### WHAT YOU WILL DO
Below are the entries. Transcribe exactly the lines from the one with "Coloring Crab. Category" through the one with "Tall Women's LTS", ends included, and leave out all others.

[Data items]

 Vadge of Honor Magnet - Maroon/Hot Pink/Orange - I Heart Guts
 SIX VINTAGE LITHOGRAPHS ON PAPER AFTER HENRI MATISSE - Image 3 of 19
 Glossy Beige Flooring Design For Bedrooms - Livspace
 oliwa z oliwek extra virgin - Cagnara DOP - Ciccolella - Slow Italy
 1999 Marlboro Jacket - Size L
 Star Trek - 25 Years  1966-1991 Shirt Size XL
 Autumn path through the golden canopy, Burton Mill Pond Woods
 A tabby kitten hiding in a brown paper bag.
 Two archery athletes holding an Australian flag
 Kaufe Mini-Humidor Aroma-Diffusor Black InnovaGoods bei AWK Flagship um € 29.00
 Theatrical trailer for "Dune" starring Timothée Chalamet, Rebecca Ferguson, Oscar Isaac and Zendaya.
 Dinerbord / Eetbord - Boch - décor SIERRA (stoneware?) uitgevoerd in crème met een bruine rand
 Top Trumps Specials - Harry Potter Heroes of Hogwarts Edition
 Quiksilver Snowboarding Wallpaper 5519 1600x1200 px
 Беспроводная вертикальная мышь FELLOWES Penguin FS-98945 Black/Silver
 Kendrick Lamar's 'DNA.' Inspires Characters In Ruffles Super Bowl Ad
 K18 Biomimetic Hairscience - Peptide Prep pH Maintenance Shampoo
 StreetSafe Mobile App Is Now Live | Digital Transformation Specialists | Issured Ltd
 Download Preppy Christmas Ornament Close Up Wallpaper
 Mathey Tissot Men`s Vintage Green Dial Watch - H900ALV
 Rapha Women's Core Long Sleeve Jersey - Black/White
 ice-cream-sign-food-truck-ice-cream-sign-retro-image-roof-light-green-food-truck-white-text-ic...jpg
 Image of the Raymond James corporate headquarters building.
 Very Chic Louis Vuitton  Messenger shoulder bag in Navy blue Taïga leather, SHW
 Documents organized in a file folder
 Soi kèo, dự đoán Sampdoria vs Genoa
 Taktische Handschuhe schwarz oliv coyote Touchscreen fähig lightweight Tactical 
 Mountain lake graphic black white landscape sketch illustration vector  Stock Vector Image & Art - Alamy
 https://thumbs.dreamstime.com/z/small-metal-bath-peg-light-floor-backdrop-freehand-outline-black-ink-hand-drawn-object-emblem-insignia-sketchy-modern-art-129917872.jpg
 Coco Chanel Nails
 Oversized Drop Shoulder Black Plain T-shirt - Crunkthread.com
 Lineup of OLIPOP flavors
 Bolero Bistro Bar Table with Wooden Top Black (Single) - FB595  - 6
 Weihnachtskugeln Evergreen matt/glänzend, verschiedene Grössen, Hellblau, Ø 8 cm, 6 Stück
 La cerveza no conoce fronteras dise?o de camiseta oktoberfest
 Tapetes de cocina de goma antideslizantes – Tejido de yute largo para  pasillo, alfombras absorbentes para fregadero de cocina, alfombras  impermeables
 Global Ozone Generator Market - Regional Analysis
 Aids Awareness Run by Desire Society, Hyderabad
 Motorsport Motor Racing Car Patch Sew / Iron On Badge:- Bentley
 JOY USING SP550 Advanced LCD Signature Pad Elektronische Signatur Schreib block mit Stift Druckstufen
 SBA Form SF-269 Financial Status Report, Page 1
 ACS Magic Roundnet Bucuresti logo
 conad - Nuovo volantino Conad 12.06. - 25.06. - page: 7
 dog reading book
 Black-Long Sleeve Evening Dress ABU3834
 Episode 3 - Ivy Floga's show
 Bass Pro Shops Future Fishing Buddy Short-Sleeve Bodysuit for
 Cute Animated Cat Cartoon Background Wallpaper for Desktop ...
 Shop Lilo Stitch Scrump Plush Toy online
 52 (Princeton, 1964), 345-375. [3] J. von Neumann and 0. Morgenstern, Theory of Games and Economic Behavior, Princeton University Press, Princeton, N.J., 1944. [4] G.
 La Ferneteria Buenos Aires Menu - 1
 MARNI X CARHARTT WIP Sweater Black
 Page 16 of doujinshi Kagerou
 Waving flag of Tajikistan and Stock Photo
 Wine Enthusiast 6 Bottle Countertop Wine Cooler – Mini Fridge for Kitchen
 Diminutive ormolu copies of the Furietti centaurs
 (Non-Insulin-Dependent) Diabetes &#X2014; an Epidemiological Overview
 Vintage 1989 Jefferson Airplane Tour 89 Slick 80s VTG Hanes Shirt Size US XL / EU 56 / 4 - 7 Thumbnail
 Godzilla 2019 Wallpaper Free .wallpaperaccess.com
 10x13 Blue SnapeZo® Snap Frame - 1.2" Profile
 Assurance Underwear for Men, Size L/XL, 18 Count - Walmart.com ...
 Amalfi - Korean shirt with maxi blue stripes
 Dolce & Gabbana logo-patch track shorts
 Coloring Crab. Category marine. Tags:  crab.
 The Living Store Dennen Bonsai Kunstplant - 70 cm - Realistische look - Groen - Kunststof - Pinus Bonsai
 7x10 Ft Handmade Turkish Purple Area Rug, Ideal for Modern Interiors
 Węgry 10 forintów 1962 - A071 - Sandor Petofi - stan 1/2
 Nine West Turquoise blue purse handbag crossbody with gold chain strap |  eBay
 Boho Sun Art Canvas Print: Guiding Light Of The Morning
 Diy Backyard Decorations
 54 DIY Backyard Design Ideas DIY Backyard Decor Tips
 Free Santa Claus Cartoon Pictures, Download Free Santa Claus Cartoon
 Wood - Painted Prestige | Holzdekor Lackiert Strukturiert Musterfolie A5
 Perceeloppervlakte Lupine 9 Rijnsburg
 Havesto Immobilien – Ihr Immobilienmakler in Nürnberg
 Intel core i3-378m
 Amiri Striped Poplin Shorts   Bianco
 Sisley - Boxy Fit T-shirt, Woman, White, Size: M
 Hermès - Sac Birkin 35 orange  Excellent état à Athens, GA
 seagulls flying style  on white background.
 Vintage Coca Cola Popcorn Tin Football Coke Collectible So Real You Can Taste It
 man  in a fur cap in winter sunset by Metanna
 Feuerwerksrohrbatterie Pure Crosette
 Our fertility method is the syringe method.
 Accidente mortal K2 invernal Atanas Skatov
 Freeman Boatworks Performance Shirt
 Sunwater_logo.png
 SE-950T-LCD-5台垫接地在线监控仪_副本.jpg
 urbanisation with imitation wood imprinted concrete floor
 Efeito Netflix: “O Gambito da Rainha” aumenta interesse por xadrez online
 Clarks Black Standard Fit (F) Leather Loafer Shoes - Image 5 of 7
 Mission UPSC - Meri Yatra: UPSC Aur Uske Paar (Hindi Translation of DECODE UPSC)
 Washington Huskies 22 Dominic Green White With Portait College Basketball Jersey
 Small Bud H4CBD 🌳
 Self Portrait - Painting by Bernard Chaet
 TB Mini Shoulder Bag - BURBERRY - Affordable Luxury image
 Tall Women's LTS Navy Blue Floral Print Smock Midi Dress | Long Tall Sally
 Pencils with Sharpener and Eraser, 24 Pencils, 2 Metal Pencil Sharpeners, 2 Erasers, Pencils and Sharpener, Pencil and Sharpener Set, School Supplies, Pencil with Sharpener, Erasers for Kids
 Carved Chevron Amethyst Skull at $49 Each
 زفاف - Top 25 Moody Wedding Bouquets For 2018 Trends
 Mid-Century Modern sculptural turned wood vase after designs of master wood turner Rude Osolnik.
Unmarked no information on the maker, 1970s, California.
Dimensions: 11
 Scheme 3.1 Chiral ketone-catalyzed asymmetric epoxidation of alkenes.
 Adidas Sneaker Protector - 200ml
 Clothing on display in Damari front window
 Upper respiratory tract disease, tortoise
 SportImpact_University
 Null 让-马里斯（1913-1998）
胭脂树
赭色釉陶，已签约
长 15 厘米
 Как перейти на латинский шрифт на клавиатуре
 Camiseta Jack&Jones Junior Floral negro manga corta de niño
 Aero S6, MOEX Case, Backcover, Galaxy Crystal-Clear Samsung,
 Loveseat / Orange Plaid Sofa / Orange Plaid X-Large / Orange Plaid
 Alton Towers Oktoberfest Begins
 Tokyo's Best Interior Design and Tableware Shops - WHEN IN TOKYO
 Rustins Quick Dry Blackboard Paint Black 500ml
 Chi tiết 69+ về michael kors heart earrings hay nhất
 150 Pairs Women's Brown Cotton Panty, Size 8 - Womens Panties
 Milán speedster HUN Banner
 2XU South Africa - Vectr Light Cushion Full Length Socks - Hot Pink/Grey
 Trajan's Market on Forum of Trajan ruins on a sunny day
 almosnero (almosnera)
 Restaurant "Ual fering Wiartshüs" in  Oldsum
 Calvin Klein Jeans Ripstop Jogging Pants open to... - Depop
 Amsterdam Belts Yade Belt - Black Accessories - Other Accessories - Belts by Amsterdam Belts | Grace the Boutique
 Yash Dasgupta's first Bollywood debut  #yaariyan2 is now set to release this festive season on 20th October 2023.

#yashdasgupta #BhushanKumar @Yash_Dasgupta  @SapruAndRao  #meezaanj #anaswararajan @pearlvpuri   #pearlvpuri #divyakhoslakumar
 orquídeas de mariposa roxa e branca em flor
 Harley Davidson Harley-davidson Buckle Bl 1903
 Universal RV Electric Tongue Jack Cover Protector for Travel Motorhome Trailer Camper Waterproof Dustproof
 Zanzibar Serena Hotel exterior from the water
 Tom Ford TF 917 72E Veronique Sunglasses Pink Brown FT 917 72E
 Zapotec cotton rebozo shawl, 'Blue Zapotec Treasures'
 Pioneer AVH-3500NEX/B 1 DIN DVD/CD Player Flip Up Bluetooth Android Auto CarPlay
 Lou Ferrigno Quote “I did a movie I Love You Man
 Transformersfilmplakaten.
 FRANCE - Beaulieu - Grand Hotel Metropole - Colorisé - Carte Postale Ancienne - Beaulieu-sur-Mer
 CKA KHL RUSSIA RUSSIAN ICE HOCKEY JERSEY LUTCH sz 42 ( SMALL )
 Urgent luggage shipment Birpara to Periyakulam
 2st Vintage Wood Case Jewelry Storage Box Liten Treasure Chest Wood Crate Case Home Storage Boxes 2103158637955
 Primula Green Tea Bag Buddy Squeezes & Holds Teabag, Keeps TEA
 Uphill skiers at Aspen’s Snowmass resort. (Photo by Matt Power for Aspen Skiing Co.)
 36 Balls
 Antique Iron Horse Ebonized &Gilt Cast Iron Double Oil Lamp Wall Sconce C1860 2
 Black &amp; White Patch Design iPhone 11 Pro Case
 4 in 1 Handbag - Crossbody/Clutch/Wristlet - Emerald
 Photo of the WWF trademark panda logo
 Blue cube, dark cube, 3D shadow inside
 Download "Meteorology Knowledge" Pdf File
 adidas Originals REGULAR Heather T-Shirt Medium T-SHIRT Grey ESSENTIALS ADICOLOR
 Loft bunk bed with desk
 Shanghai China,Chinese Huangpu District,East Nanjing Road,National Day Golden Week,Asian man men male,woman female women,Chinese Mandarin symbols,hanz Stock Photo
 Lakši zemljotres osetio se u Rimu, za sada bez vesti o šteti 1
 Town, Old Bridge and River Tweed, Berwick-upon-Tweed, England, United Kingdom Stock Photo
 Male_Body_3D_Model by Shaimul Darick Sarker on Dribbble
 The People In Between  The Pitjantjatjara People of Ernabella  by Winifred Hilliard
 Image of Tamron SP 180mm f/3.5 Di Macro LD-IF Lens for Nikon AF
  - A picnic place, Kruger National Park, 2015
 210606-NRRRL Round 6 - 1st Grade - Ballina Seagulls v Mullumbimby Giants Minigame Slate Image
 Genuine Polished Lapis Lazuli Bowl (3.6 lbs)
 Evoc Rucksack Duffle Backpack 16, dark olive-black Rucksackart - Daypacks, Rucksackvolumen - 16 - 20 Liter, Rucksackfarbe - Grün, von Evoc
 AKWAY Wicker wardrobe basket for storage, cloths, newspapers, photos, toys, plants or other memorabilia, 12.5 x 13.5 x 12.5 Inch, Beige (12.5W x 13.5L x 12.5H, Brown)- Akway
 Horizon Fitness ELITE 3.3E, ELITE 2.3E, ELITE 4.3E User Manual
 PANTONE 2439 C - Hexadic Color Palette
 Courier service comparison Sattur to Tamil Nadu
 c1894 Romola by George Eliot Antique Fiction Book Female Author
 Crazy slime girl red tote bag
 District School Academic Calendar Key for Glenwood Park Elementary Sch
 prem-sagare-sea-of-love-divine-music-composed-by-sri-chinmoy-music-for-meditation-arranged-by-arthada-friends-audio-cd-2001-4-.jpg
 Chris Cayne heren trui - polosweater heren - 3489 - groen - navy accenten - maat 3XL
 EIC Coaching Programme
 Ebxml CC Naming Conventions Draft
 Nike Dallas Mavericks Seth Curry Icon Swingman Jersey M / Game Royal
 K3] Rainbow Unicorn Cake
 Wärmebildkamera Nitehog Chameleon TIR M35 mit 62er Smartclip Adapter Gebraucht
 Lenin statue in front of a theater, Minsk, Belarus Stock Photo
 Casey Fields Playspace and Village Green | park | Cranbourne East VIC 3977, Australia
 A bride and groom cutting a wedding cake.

### RESPONSE TO THE TASK
 Coloring Crab. Category marine. Tags:  crab.
 The Living Store Dennen Bonsai Kunstplant - 70 cm - Realistische look - Groen - Kunststof - Pinus Bonsai
 7x10 Ft Handmade Turkish Purple Area Rug, Ideal for Modern Interiors
 Węgry 10 forintów 1962 - A071 - Sandor Petofi - stan 1/2
 Nine West Turquoise blue purse handbag crossbody with gold chain strap |  eBay
 Boho Sun Art Canvas Print: Guiding Light Of The Morning
 Diy Backyard Decorations
 54 DIY Backyard Design Ideas DIY Backyard Decor Tips
 Free Santa Claus Cartoon Pictures, Download Free Santa Claus Cartoon
 Wood - Painted Prestige | Holzdekor Lackiert Strukturiert Musterfolie A5
 Perceeloppervlakte Lupine 9 Rijnsburg
 Havesto Immobilien – Ihr Immobilienmakler in Nürnberg
 Intel core i3-378m
 Amiri Striped Poplin Shorts   Bianco
 Sisley - Boxy Fit T-shirt, Woman, White, Size: M
 Hermès - Sac Birkin 35 orange  Excellent état à Athens, GA
 seagulls flying style  on white background.
 Vintage Coca Cola Popcorn Tin Football Coke Collectible So Real You Can Taste It
 man  in a fur cap in winter sunset by Metanna
 Feuerwerksrohrbatterie Pure Crosette
 Our fertility method is the syringe method.
 Accidente mortal K2 invernal Atanas Skatov
 Freeman Boatworks Performance Shirt
 Sunwater_logo.png
 SE-950T-LCD-5台垫接地在线监控仪_副本.jpg
 urbanisation with imitation wood imprinted concrete floor
 Efeito Netflix: “O Gambito da Rainha” aumenta interesse por xadrez online
 Clarks Black Standard Fit (F) Leather Loafer Shoes - Image 5 of 7
 Mission UPSC - Meri Yatra: UPSC Aur Uske Paar (Hindi Translation of DECODE UPSC)
 Washington Huskies 22 Dominic Green White With Portait College Basketball Jersey
 Small Bud H4CBD 🌳
 Self Portrait - Painting by Bernard Chaet
 TB Mini Shoulder Bag - BURBERRY - Affordable Luxury image
 Tall Women's LTS Navy Blue Floral Print Smock Midi Dress | Long Tall Sally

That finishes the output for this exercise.